*** INFORMATION
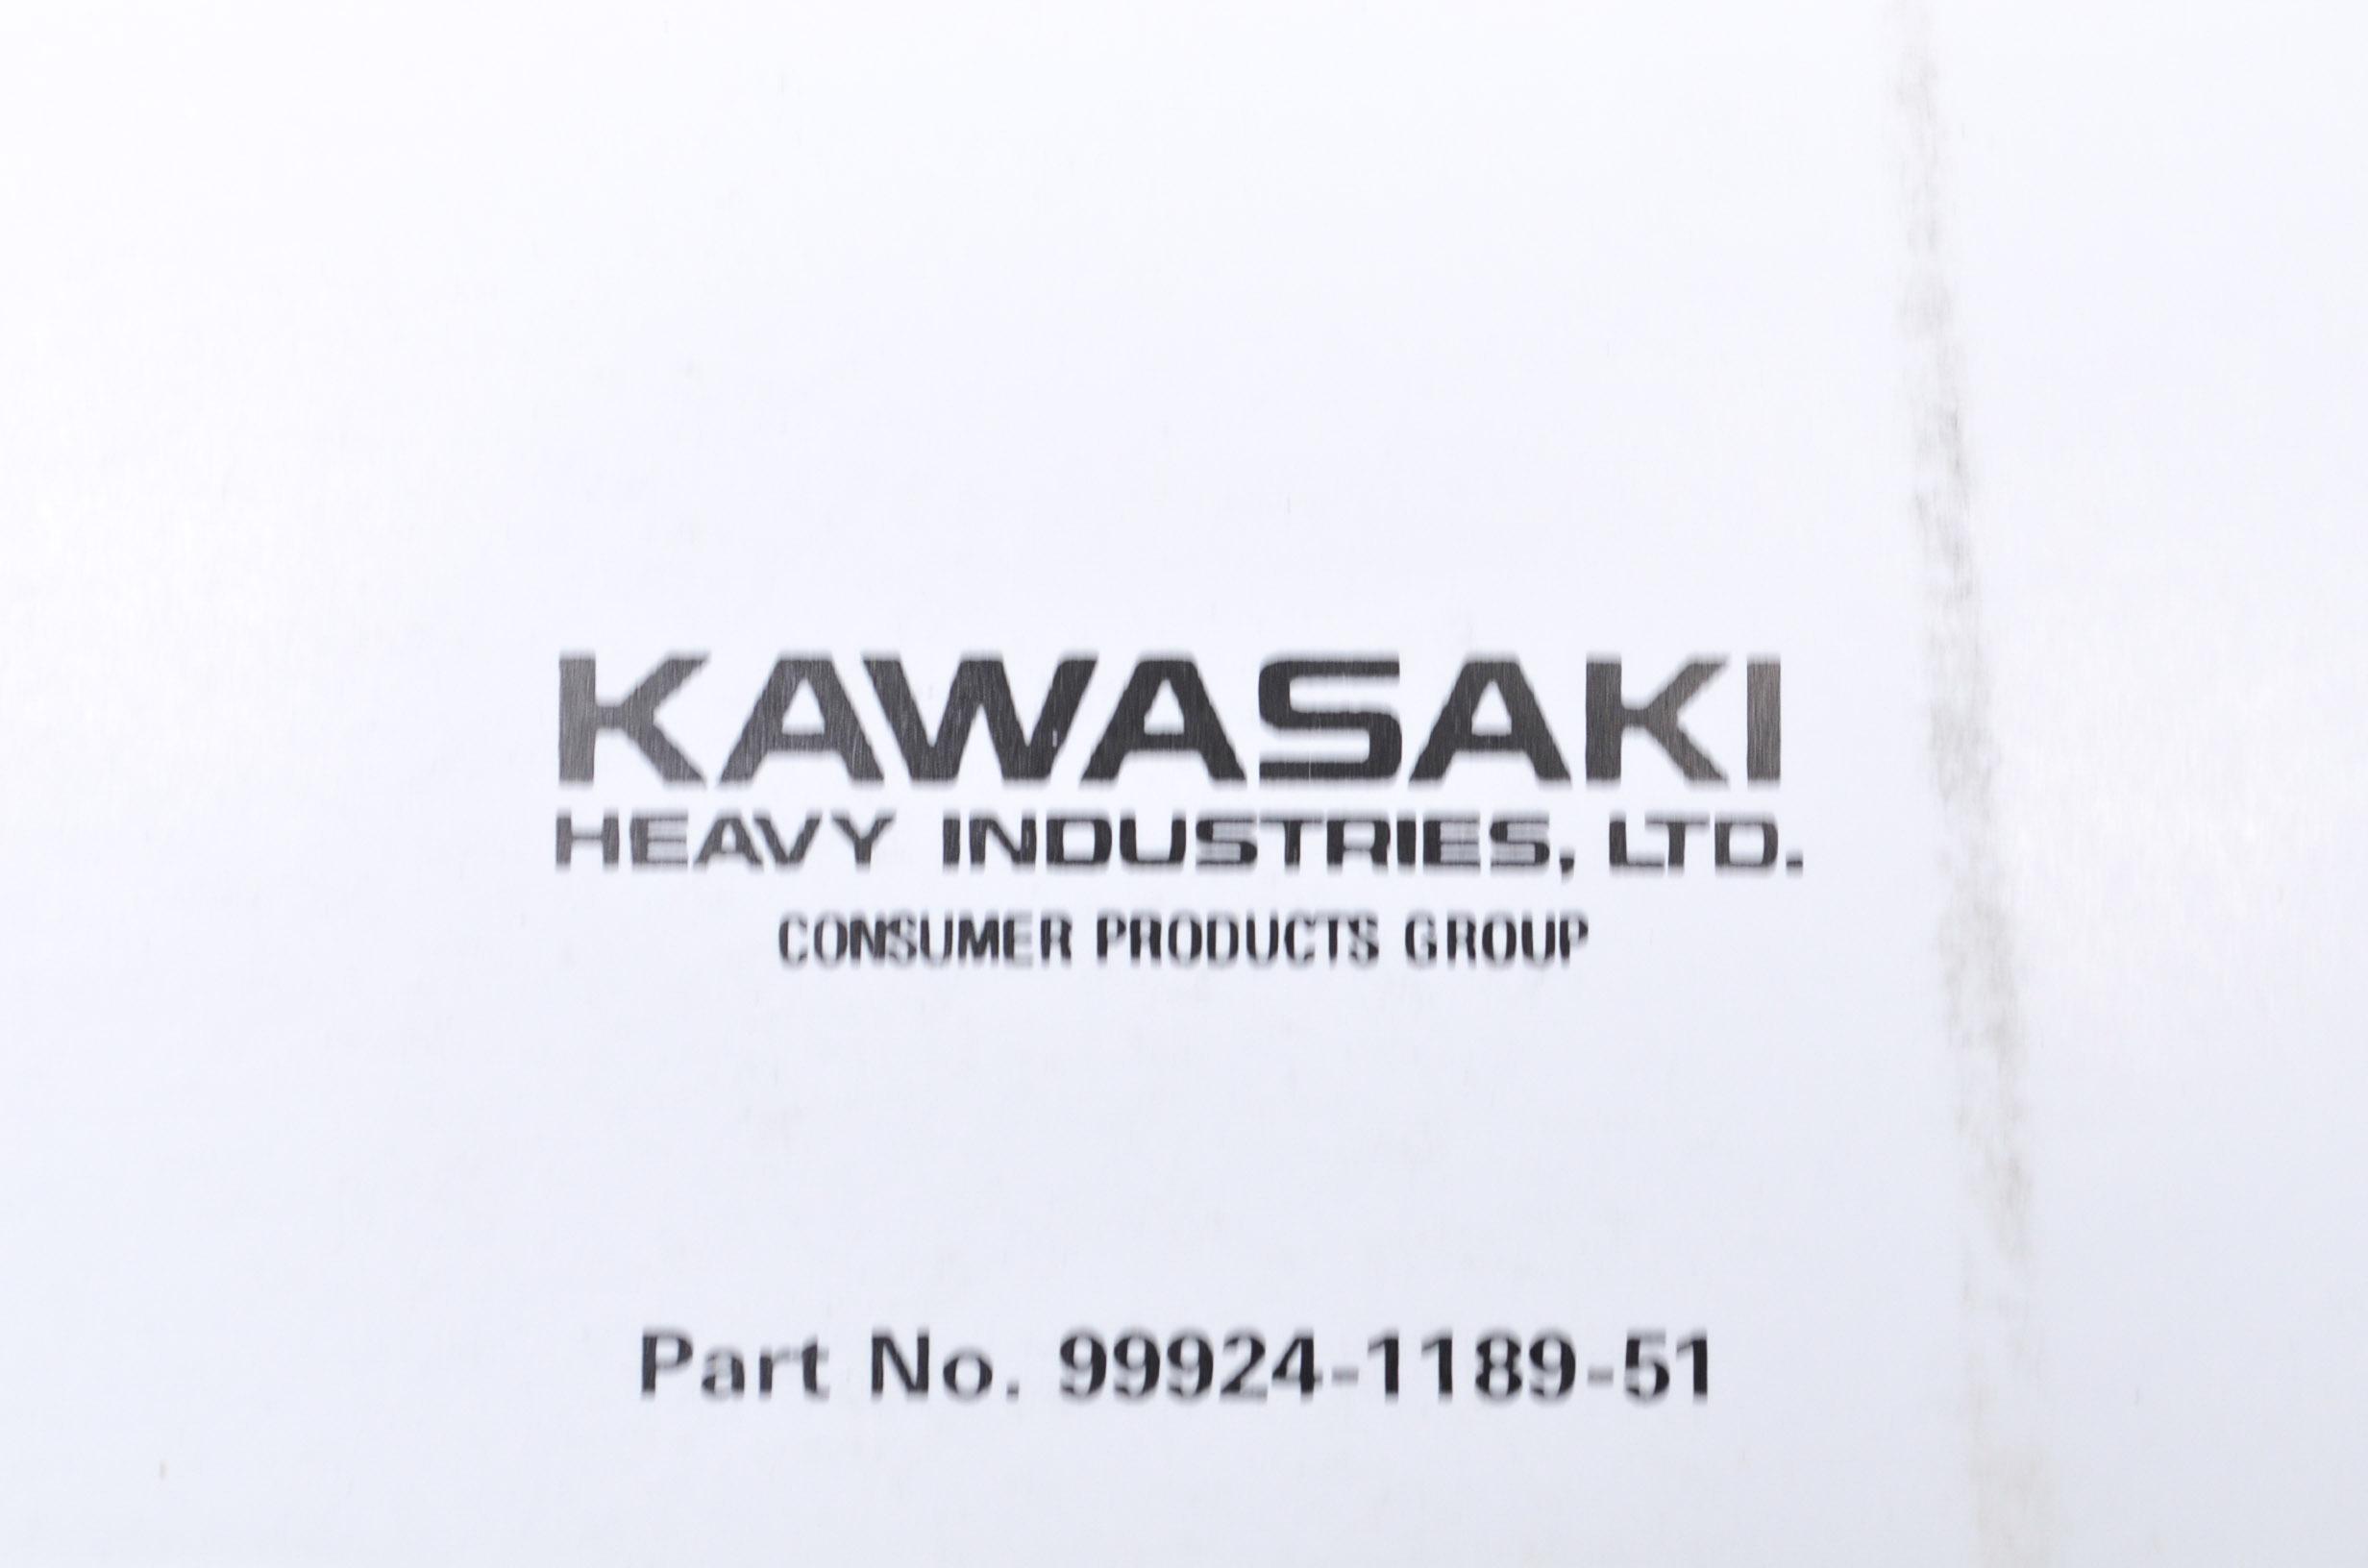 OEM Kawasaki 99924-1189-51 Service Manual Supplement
******
*** INFORMATION
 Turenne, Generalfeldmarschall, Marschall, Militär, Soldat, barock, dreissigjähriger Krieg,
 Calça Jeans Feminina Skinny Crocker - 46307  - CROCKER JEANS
******
- WORK TO BE COMPLETED -
Only the lines above starting with the one with "Soldat, barock, dreissigjähriger" and going through the one with "Calça Jeans Feminina" are to be copied, word for word and with both ends kept.

- RESPONSE BELOW -
 Turenne, Generalfeldmarschall, Marschall, Militär, Soldat, barock, dreissigjähriger Krieg,
 Calça Jeans Feminina Skinny Crocker - 46307  - CROCKER JEANS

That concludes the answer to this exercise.